Tax Update 11/09

Keep up to date with the key announcements made this past week.

Loan Charge deadline looms large

The deadline for settling the highly controversial disguised remuneration loan charge is fast approaching. Following the findings of the report from Sir Amyas Morse, HMRC relented and narrowed the scope of the loan charge, removing a  large number of taxpayers loan charge liabilities. However there are still over 5,000 taxpayers hastily looking to reach an agreement with HMRC before the deadline on 30th September.

HMRC have dedicated around 1,000 officers to the cases but we are aware of a number of taxpayers that are facing difficulties when trying to reach their appointed officer.  

HMRC have produced a new policy paper on VAT and charity digital advertising relief

The policy paper which has now been published following further correspondence with the charity tax group in July 2020 sets out HMRC views on when digital advertising supplied to charities will qualify for VAT zero-rating.

 Following HMRCs correspondence with the charity tax group, they seem to have taken a more relaxed view on ‘location targeting’ and are accepting that subject to all other conditions being met, location targeting will quality for zero-rating.

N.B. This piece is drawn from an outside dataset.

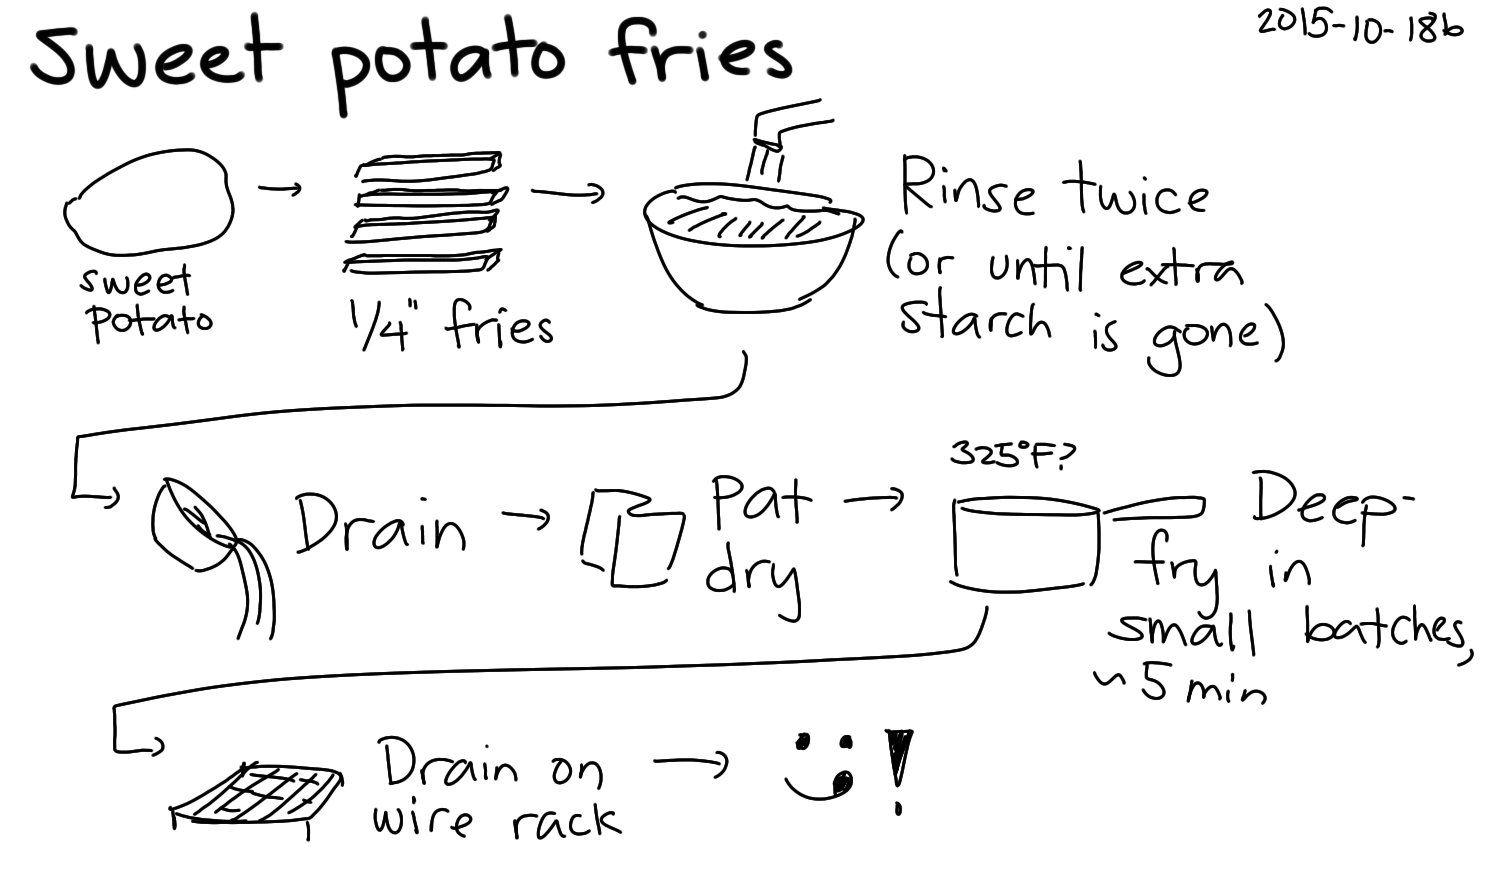 2015-10-18b Sweet potato fries -- index card #cooking.png

Furthermore HMRC have confirmed that it will be accepting claims and adjustments from businesses that have accounted for and paid VAT on supplies of charity advertisements that are now  considered to be considered Zero-rated. All claims will be subject to the 4 year time limit in section 80(4) of the VAT Act 1994.

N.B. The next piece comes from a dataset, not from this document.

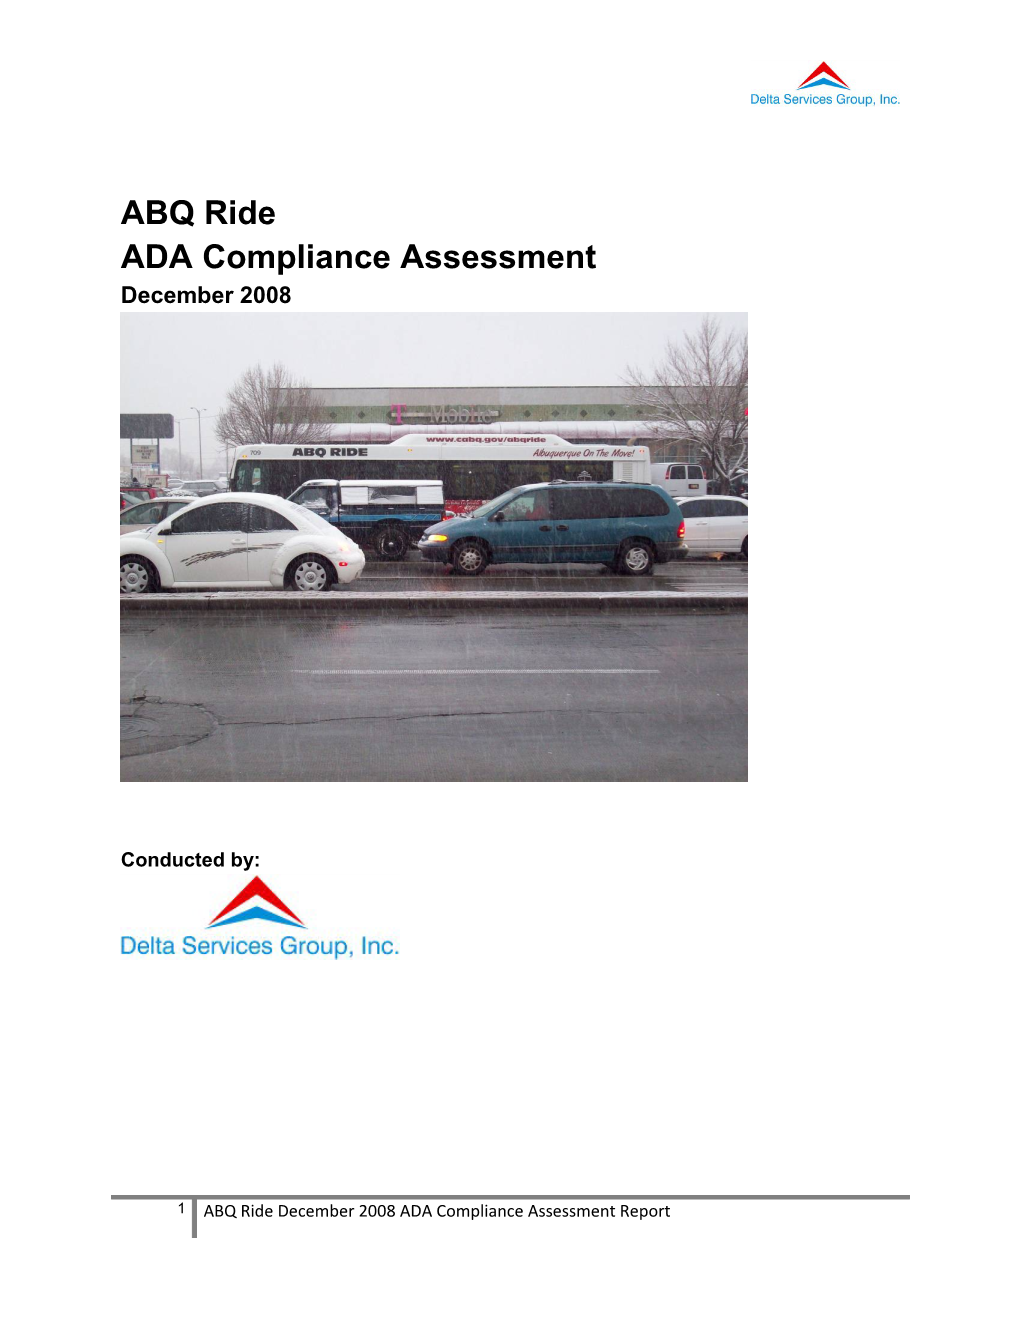 ABQ Ride 2008 ADA Assessment Report

VAT registration applications where estimated turnover is zero

Following concerns raised by the Association of Taxation Technicians (ATT) regarding applications being automatically refused where the business indicate in their application that they will be making little or no taxable supplies in the next 12 months.

HMRC have now responded to these concerns explaining that where an application has been rejected, and the businesses believes it has been incorrectly rejected as a result of entering zero estimated taxable turnover then the business should email the VAT registration team at vrs.newregistrations@hmrc.gov.uk with evidence to prove its eligibility to register for VAT.

ATT calls for an extension of the increased Annual Investment Allowance

In advance of the Autumn Budget the ATT are also calling upon the Chancellor, Rishi Sunak to extend the temporary increase to the Annual Investment Allowance (AIA) past the current end date of 31st December 2020 in order to help recovering businesses.

The AIA limit which was temporarily increased from £200,000 to £1,000,000 for the calendar year 2019 and 20 allows businesses to offset the costs of qualifying capital expenditure on plant and machinery from taxable profits.

The ATT believe that as a result of the coronavirus pandemic and the uncertainties many businesses have faced, many businesses has not been in a position to take advantage of the increased AIA, as such they are calling for Mr Sunak to extend the temporary increase until at least 31st December 2021.

HMRC warn that up to 3.5bn may have been incorrectly paid out by the CJRS

HM Revenue and Customs (HMRC) have told MP’s on the Public Account Committee it estimates that between 5-10% of furlough cash has been wrongly awarded, with the latest government figures indicating around £35.4bn having been paid out through the scheme, already the upper end of this estimate would leave £3.5bn having been paid out incorrectly.

HMRC are now in the process of trying to differentiate between where claims have been incorrect as a legitimate mistake and where incorrect claims have been made as a deliberate tax fraud. With the revenue’s primary focus being looking to tackle any abuse and fraud with interest and penalties. A full breakdown can be found in our previous article (include link).

UN tax committee releases discussion draft of treaty article on software and royalties

The UN tax committee are now in the process of inviting public comments on their draft proposal to change the definition of royalties to include software payments. The proposal is seeking to see payments for computer software included in the definition of royalties for the purposes of the United Nations model double tax convention between developed and developing countries.